刘承训听完其父刘知远这番训话立刻头默默地低了下去,“唉”刘知远发出了一声叹息,事实上刘知远又怎么不能理解儿子的心情?
他随石敬瑭起兵,本是欲助其得天下,谁想到石敬瑭却向契丹称儿,这也没什么,在那个历史上最黑暗的年代父母尚可食子,这为求权利而认的义父义子又算得了什么,可是偏偏却把燕云十六州割让给了契丹,这使刘知远对其极其不满,奈何石敬瑭与契丹又达成了这种关系,他也只得将不满藏于心中。
对于这不满的隐藏,一藏就是七年,七年来这个所谓的不满似乎变成了另外的东西——野心,或许更是后悔,如果当初他取石敬瑭而代之,一样可以夺得天下,却不用割让燕云十六州为什么会变成现在这个样子?也许就是自己不够狠吧。
刘知远看了看自己的儿子无奈的又叹了一口气才说道:“算了,这对你应该算是好事吧。”接着从袖子里拿出一封书信道:“你现在马上进京,把这封信交给景延广将军,离开河东后记得一定要低调,切勿声张。”刘承训接过信后稍加思索,“哦”了一声便骑马而去。

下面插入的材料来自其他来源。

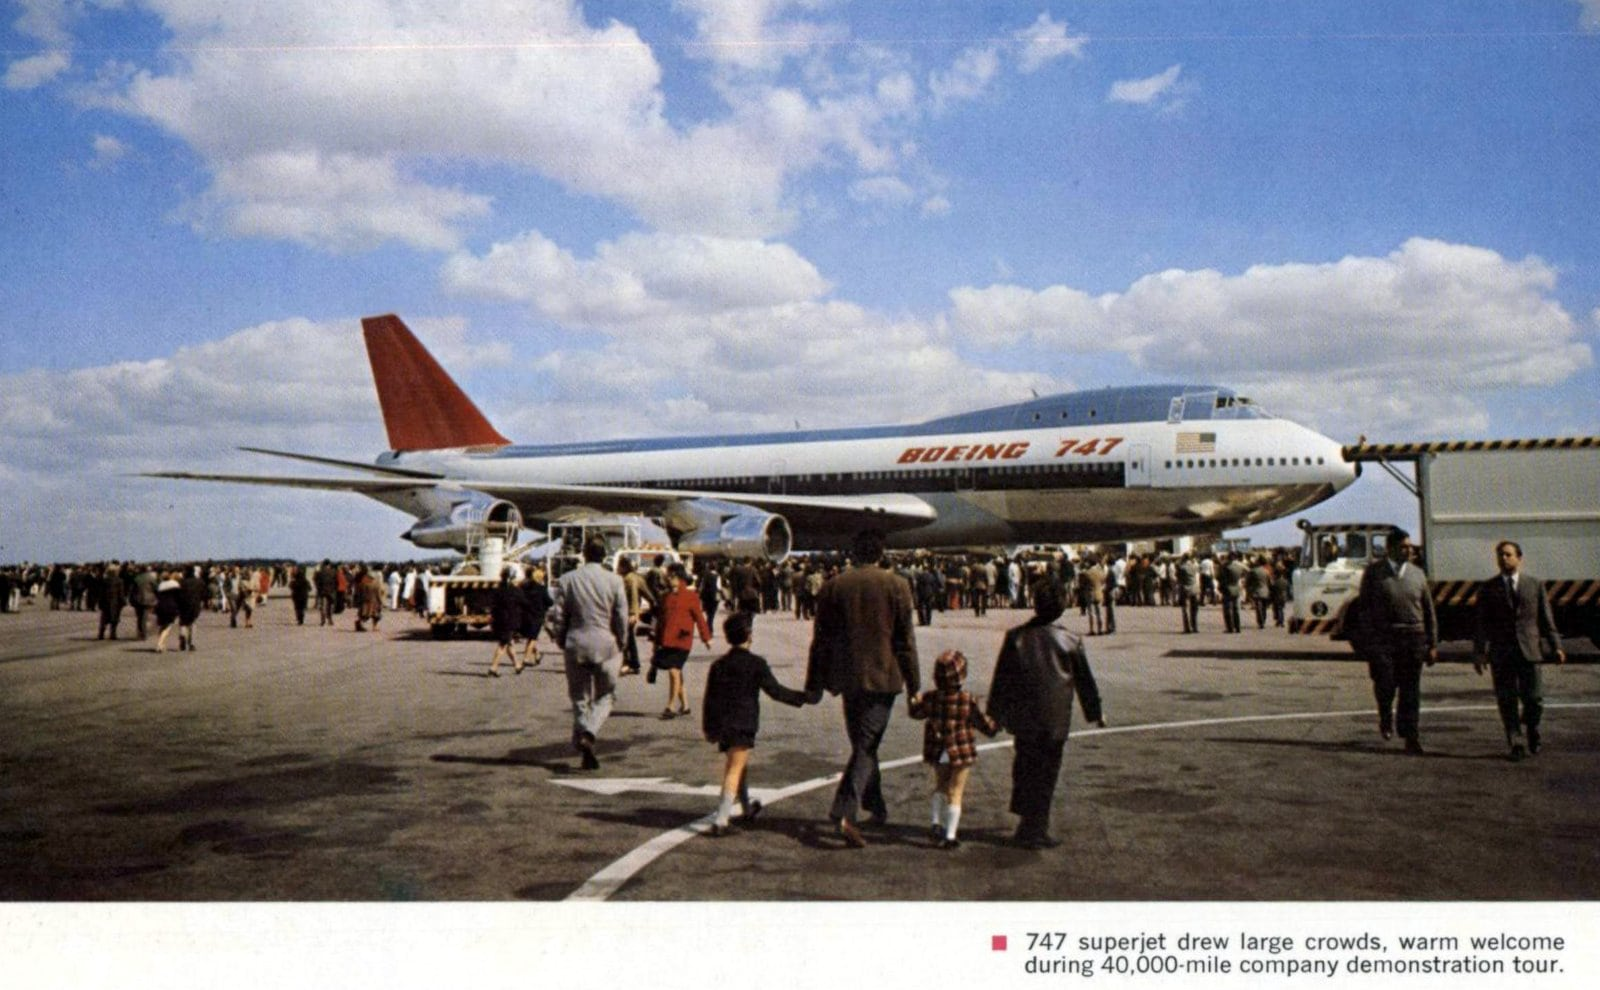 747 plane on 40000 mile company demonstration (1970)

刘承训今年刚刚二十一岁正值血气方刚,虽说父亲命他离开河东后要低调,可是这还在河东太原,河东更是他父亲自己的私人国度,转眼间刘承训又快马加鞭的在太原街道上飞奔疾驰,现在正是午后时分,街上车水马龙人来人往,刘承训这一飞奔疾驰使得街上顿时乱了起来,可他是刘知远的儿子,纵然他这么作委实过分,却没有一个人敢管,就算管的起他,管的起他爹吗?
整条街上,被他不知道被他踢翻了多少个摊子,撞倒了多少人,此时眼前突然出现以为年逾古稀的老者,这要是被马撞上的话,撞不死的把握只怕和神仙下凡的把握差不了多少了,刘承训见状纵马编想要跃过去心想“老头,识相就赶紧躲开,我也让马跃起来了,这要是把你撞死可怨不得我”本来提马跃过一个人应该是比较容易的,更加上刘承训的马更不是平常马种,但谁知刘承训的御马之术真是一塌糊涂,竟然将马提前跃起,当马落地之时恰好会撞上老人,就在这时只见刘承训眼前突然一个铁棍横着飞了过来将刘承训连人代马后飞倒地。
莫非神仙真的下凡了?老者居然没死,刘承训“哎呦,哎呦”的从地上爬了起来,只见眼前一人身着白衣横着一把长枪怒视着刘承训,虽说穿着男装,但是谁也看得出来这人是个女子,手中的长枪想必就是刚才打他的铁棍吧,女子道:“你是瞎子吗?这么飞扬跋扈的横冲直撞,又不顾及别人安危。”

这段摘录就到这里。